Alternatively, the Query Monitor provides details about the PQs that you are authorized to see. Information about each query is stored in columns, including the owner, query name, whether it's enabled, and its status. If a PQ has failed, the ExceptionDetails column includes the same raw data as the Persistent Query State Log, which may contain pertinent information.

To read the ExceptionDetails, expand the relevant cell. This opens a window that displays the full content. Alternatively, you can click the row of the relevant PQ, which presents its ExceptionDetails in its configuration editor summary.

Process Event Log

The Process Event Log contains all log messages for Deephaven workers and query/merge servers. These log messages include the output from workers. It can be queried in a Core+ worker with the following code:

pel = db.liveTable("DbInternal", "ProcessEventLog").where("Date=today()")

pel = db.live_table("DbInternal", "ProcessEventLog").where("Date=today()")

A common usage pattern for this table is to find all FATAL level messages for the current day:

pel = db.liveTable("DbInternal", "ProcessEventLog").where("Date=today()", "Level=`FATAL`")

pel = db.live_table("DbInternal", "ProcessEventLog").where(
    ["Date=today()", "Level=`FATAL`"]
)

You can also find specific error messages by using the Process Info ID to query the log.
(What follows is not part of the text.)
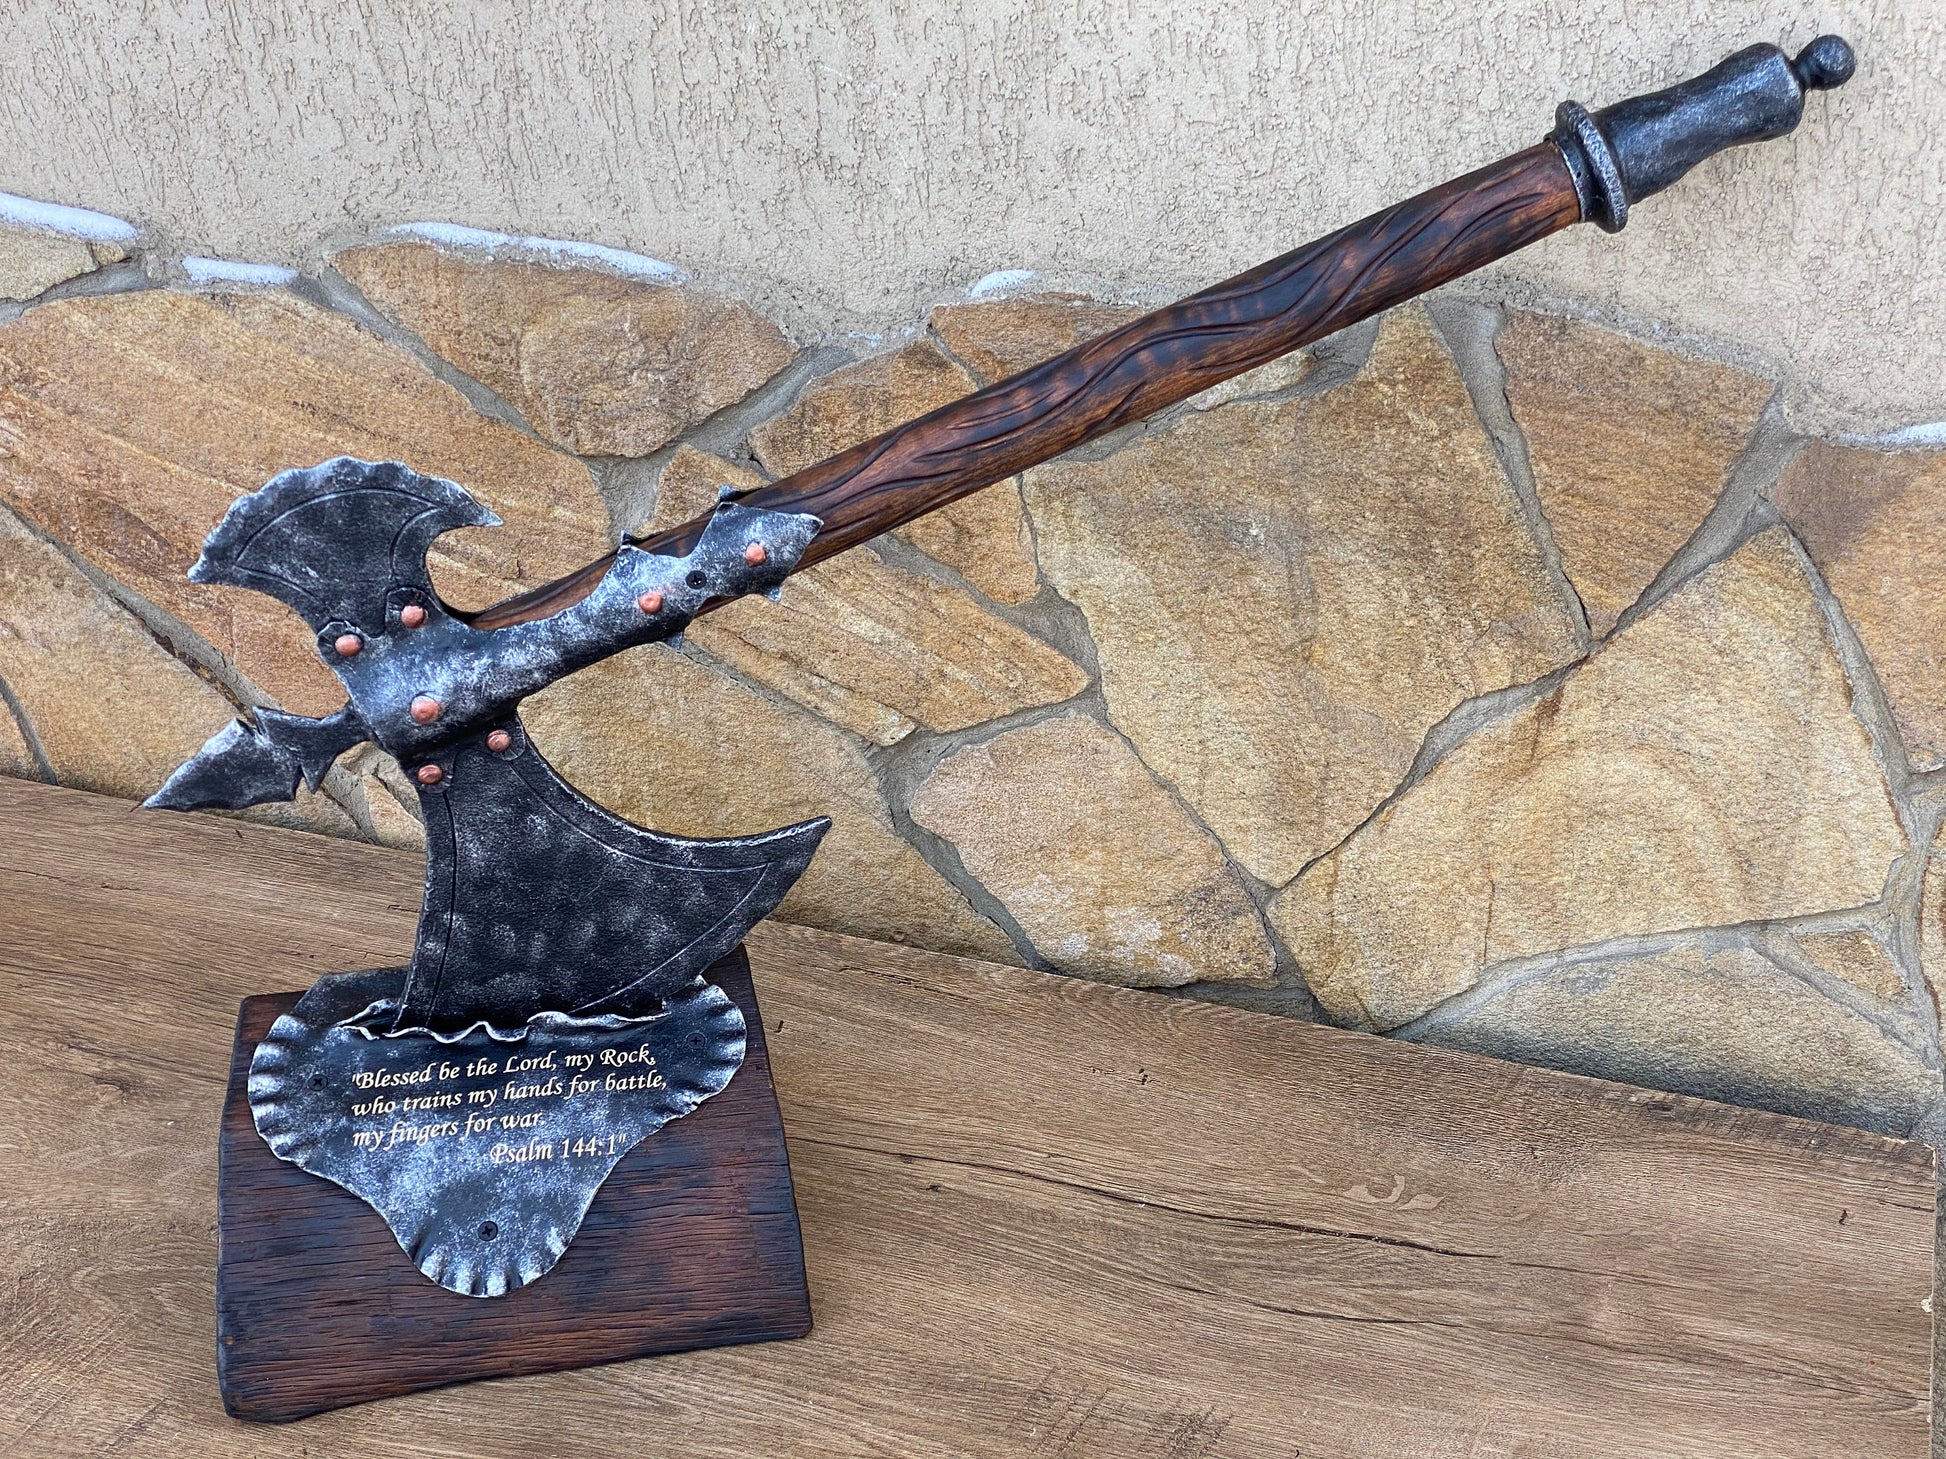 Axe holder, axe stand, viking axe, medieval decor, personalized gift, engraved gift, iron gift, wooden gift,  gift for him, gift for men

This information can be found by hovering over the Info button in the console:

Info button

Expand the cell for your query in the Log Entry column to view a full exception message and stack trace, or right-click the cell and select View Cell Contents to open the text in its own dialog window.

To search the LogEntry column, right click it and select Go To. Alternatively, the keyboard shortcut cmd+G (Mac) or ctrl+G (Windows) opens a search box.

Go To

See Process Event Log for an explanation of each column in the table.

Monitor queries with internal tables

The following sections describe how to use the internal tables described above to monitor queries.

Query Operation Performance Log and Update Performance Log

The Description or EntryDescription columns of these two tables includes human-readable information that describes the type of the operation. The image below shows a snippet of the Description column from the Query Operation Performance Log, where you can see logs related to PQs that open the StockTrades and StockQuotes tables from the LearnDeephaven namespace:

Description column

The majority of entries in this column indicate each operation performed on a table (e.g., join, sort, where, etc.). Looking at other columns in a given row (StartTime, EndTime, WasInterrupted, etc.) may help determine which specific operations are slow and offer hints as to why. While none of these log descriptions are cause for concern on their own, any action that takes a long time could contribute to performance issues.

Aggregated Small Updates (Update Performance Log only) — A summary description that indicates a group of updates, where each of which is less than the configurable threshold for logging an update. For many workloads, the vast majority of updates will not materially affect performance. Aggregating the updates saves significant disk space and bandwidth. The threshold for update logging may be configured with the QueryPerformance.minimumUpdateLogDurationNanos property. See Filtering Small QOPLCV2 and UPLCV2 Entries below.
coalesce() — Describes producing a QueryTable that can be used for query operations from an uncoalesced table (typically a SourceTable). The SourceTable is a placeholder that represents your data and defers most work until a query operation is required, at which point it must be coalesced.
initializeAvailableLocations() and initializeLocationSizes() — These actions require file system access to read directories (locations) and then many table.size files. This can have a substantial impact on a historical query.
Uninstrumented Code — This is code that is not enclosed in a measurement block, which means it cannot be monitored or traced. It could indicate a bug, or a complex operation that, because it is outside of our framework, has no details available.

Filter small entries

The Update Performance Log is extremely comprehensive. It contains many small entries (Aggregated Small Updates) that are not always of interest when debugging performance issues. You can set a minimum threshold to filter small entries, which frees up disk space and makes it easier to analyze the data.

Note

These properties are set in the Core properties configuration, not iris-environment.prop.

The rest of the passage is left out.